Facing the window. My newest granddaughter Leah

Leah's mom, Maria. She's facing the window, but I'm off to the side. I love this lighting!

Kelly's quartering into the light. Now you don't need to soften the skin on a 6 year old but look how mellow it makes the image!

This picture of Ryan at a chess board made me think about a picture I DIDN’T take last week. I was out for coffee with a friend and noticed a young couple sitting in the coffee shop playing chess. There was such a feeling of intimacy between them and I really wanted to capture that picture but I didn’t because I didn’t want to intrude and because I’m generally shy about asking people if I can shoot them. For two days, I’ve been picturing that shot and regretting that I didn’t get it. So I resolve to try harder to step out of my comfort zone in future. That’s what I meant about exploring new directions. Am I making any sense?
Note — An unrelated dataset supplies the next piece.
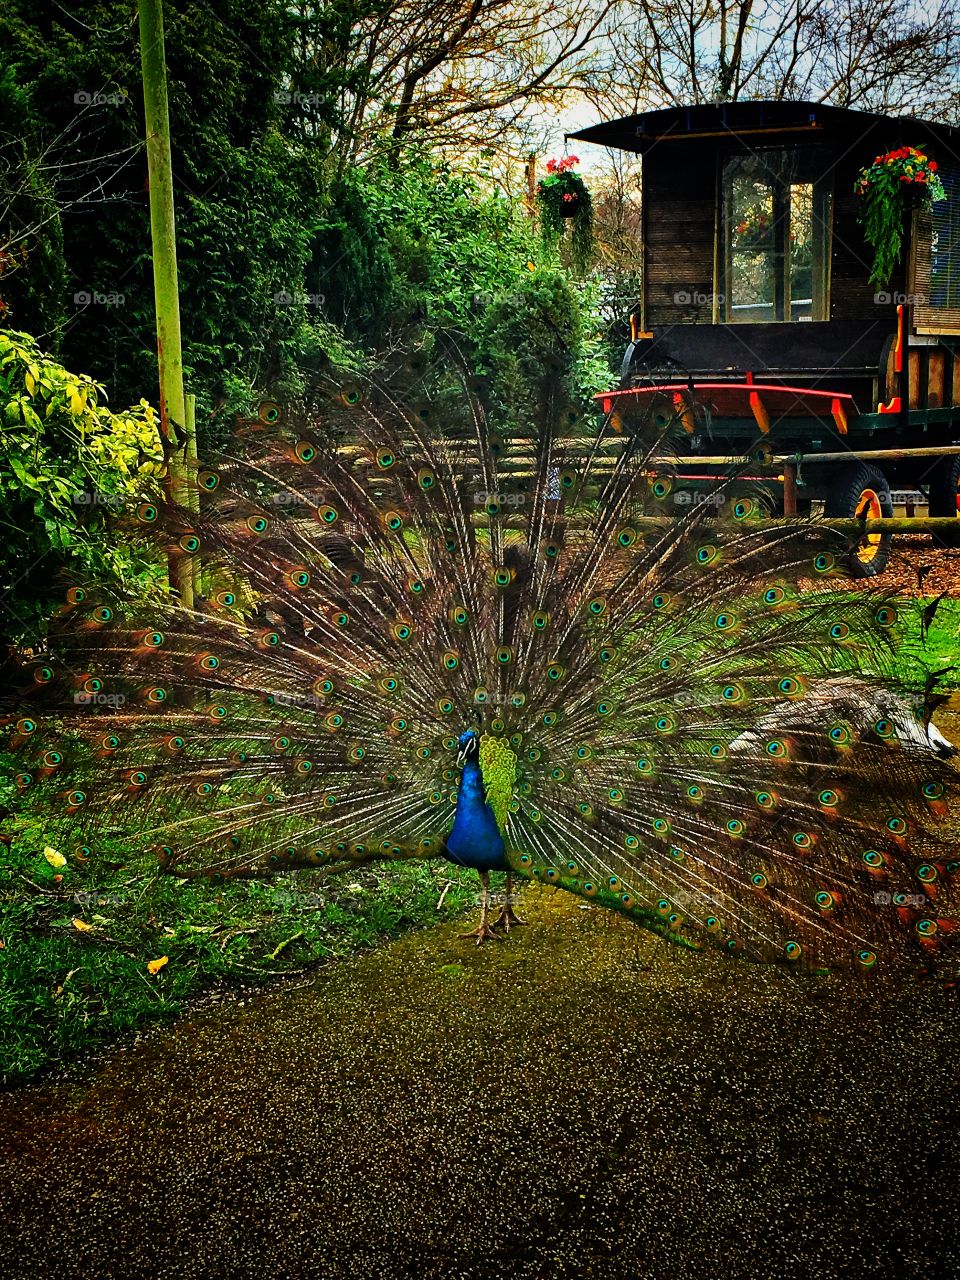 Peacock with feathers spread, Greenacres wildlife park, UK

A phone call from a journalist at Sun Media set me going in another direction. This had to do with marketing my First Aid products but in the end he asked me for a product shot which wasn’t in my archives. Well it is Spring, and it’s time to set up my studio which has been parked for the winter! The garage isn’t heated, you see… anyway it spurred me to set it up again to take a couple of product shots.

This is the finished shot.

I took it on the white light tent background but I created a background and added a twist: the helmet is an HDR image. OK, I need to explain that! HDR is a technique that allows a wider than normal range of light levels to be displayed in a photo. It stands for “High Dynamic Range”. You can do it with as little as 2 exposures, one light and one dark and combining them in an appropriate way.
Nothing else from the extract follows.